**The data**
▬▬▬▬▬▬
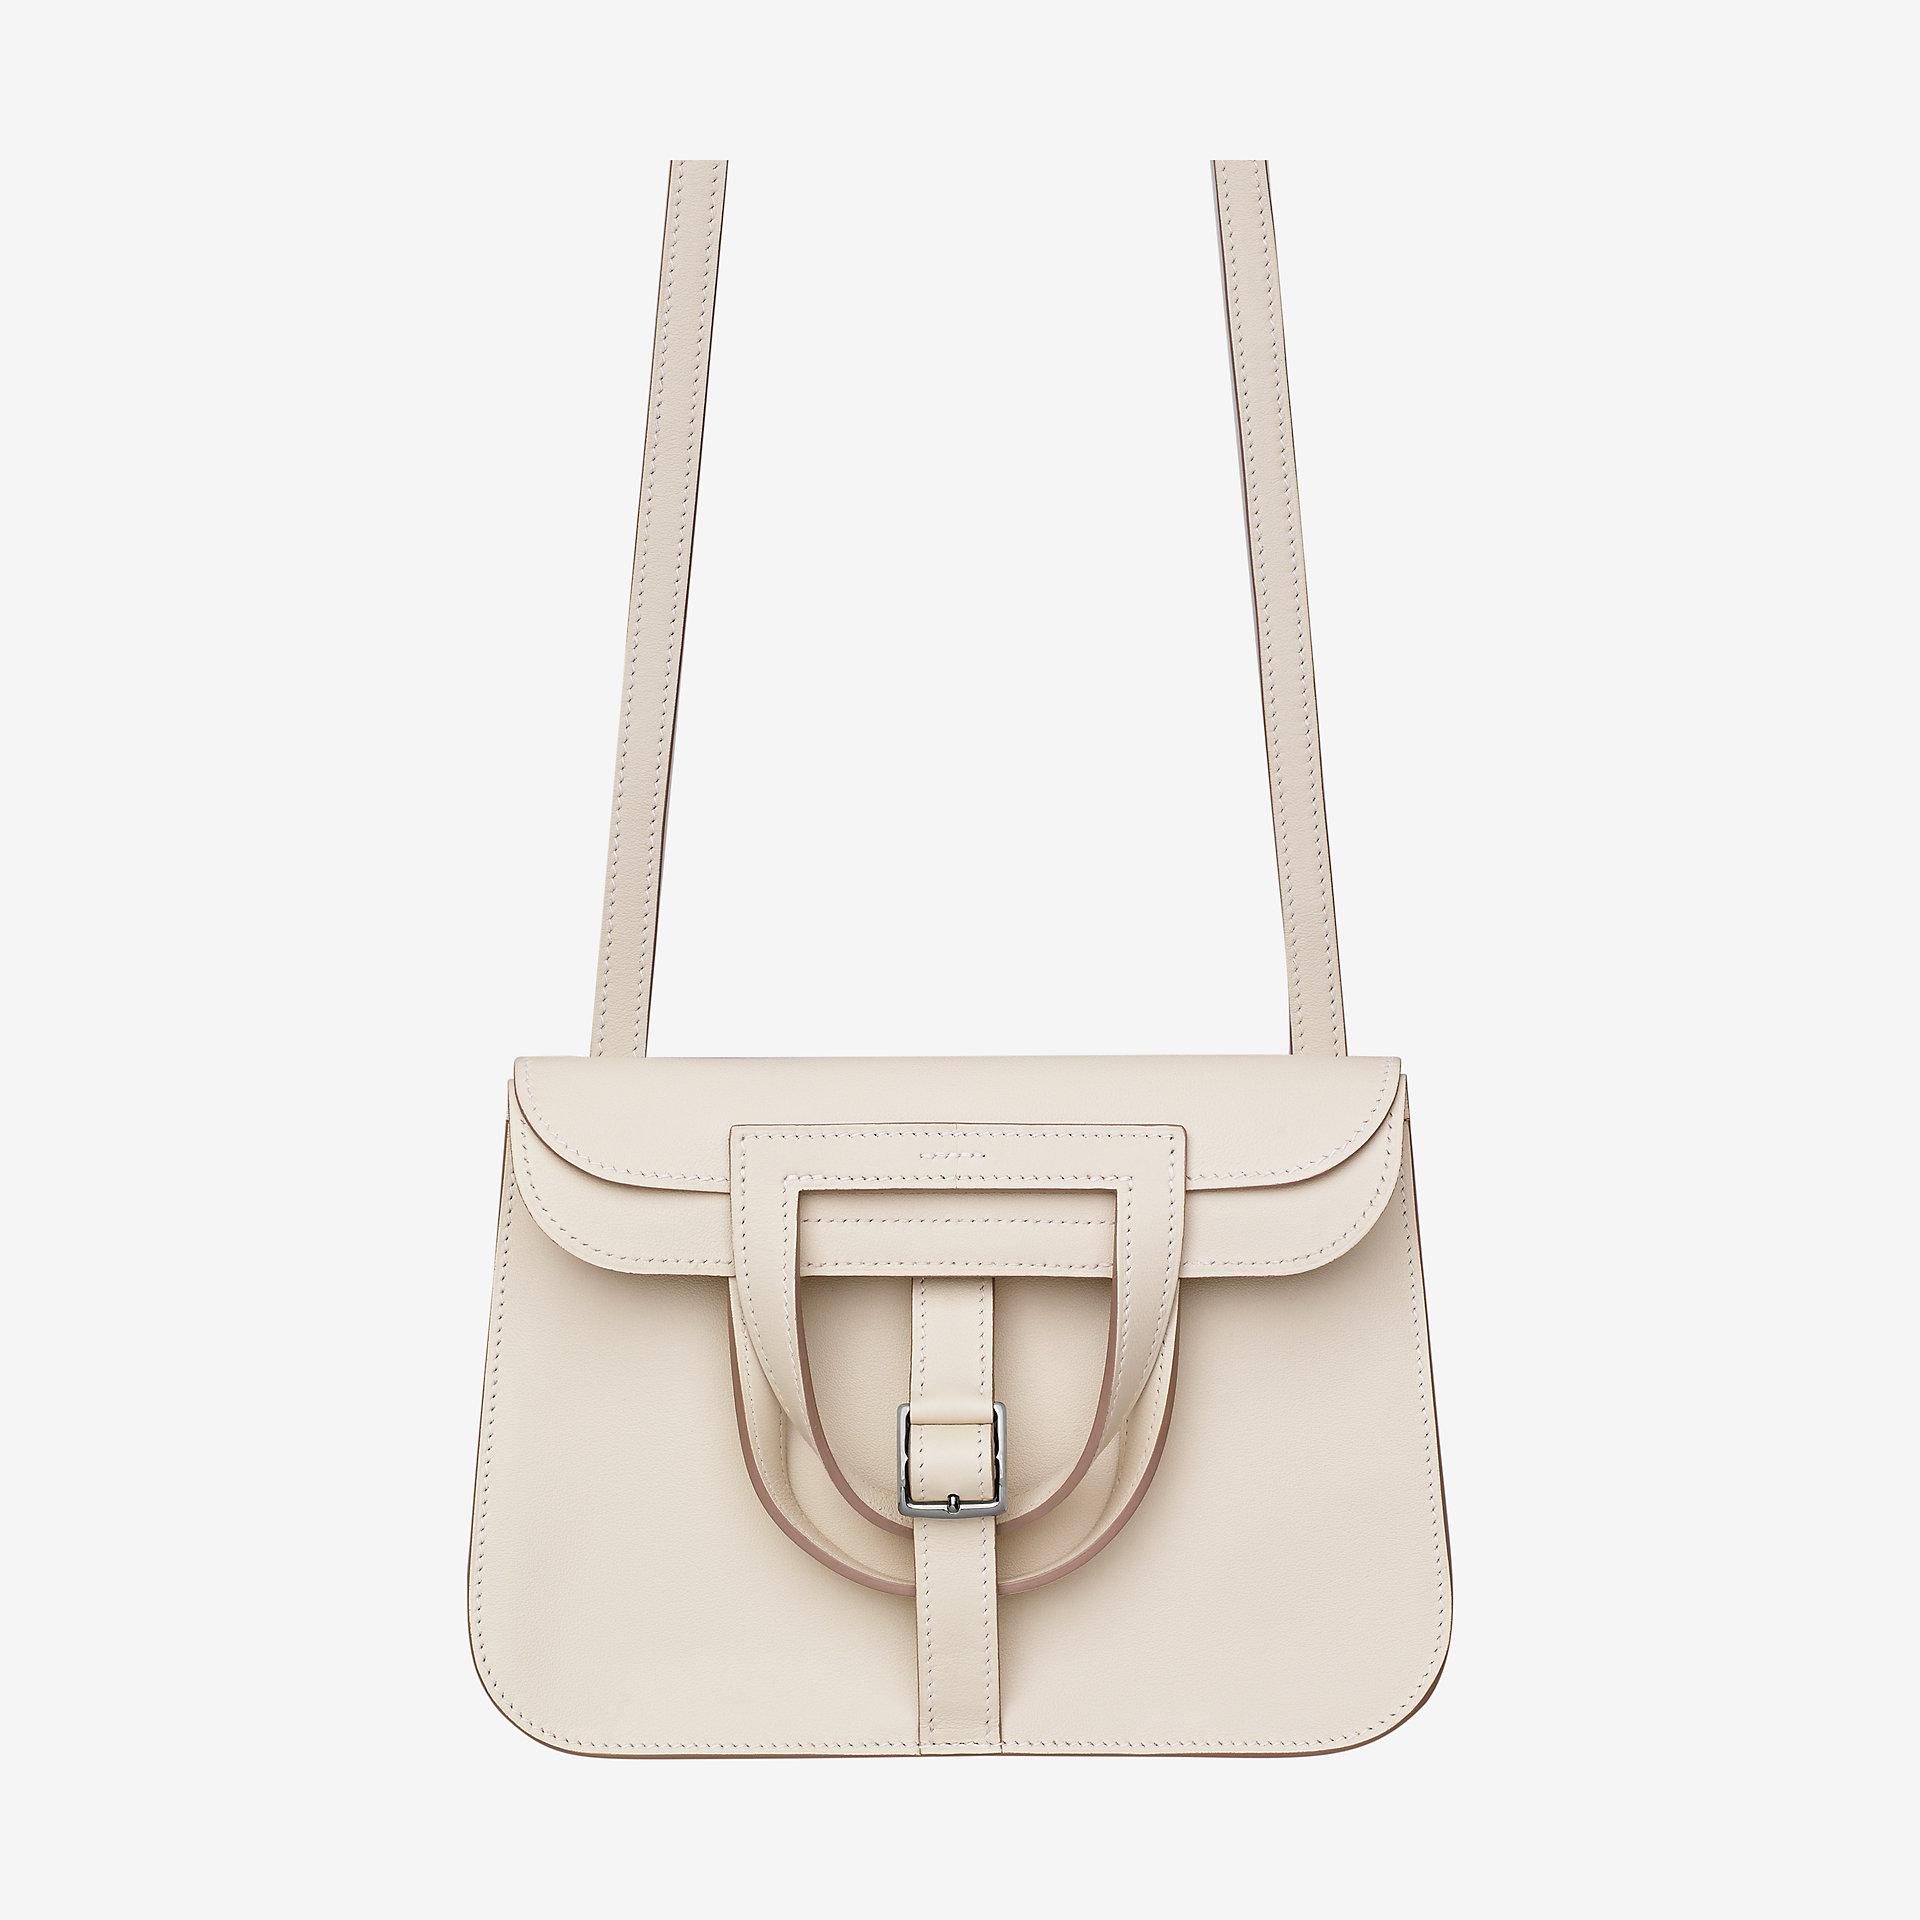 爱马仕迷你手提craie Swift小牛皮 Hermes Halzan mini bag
▬▬▬▬▬▬
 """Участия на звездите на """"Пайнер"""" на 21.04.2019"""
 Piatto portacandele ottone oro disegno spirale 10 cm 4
▬▬▬▬▬▬
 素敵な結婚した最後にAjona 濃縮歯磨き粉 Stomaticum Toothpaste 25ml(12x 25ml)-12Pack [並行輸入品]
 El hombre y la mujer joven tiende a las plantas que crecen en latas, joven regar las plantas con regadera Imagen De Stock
▬▬▬▬▬▬
**Aim of the task**
Would you print exactly, and only, the lines of the data above from the line with "素敵な結婚した最後にAjona 濃縮歯磨き粉 Stomaticum" through the line with "El hombre y", inclusive?

**Finished exercise**
 素敵な結婚した最後にAjona 濃縮歯磨き粉 Stomaticum Toothpaste 25ml(12x 25ml)-12Pack [並行輸入品]
 El hombre y la mujer joven tiende a las plantas que crecen en latas, joven regar las plantas con regadera Imagen De Stock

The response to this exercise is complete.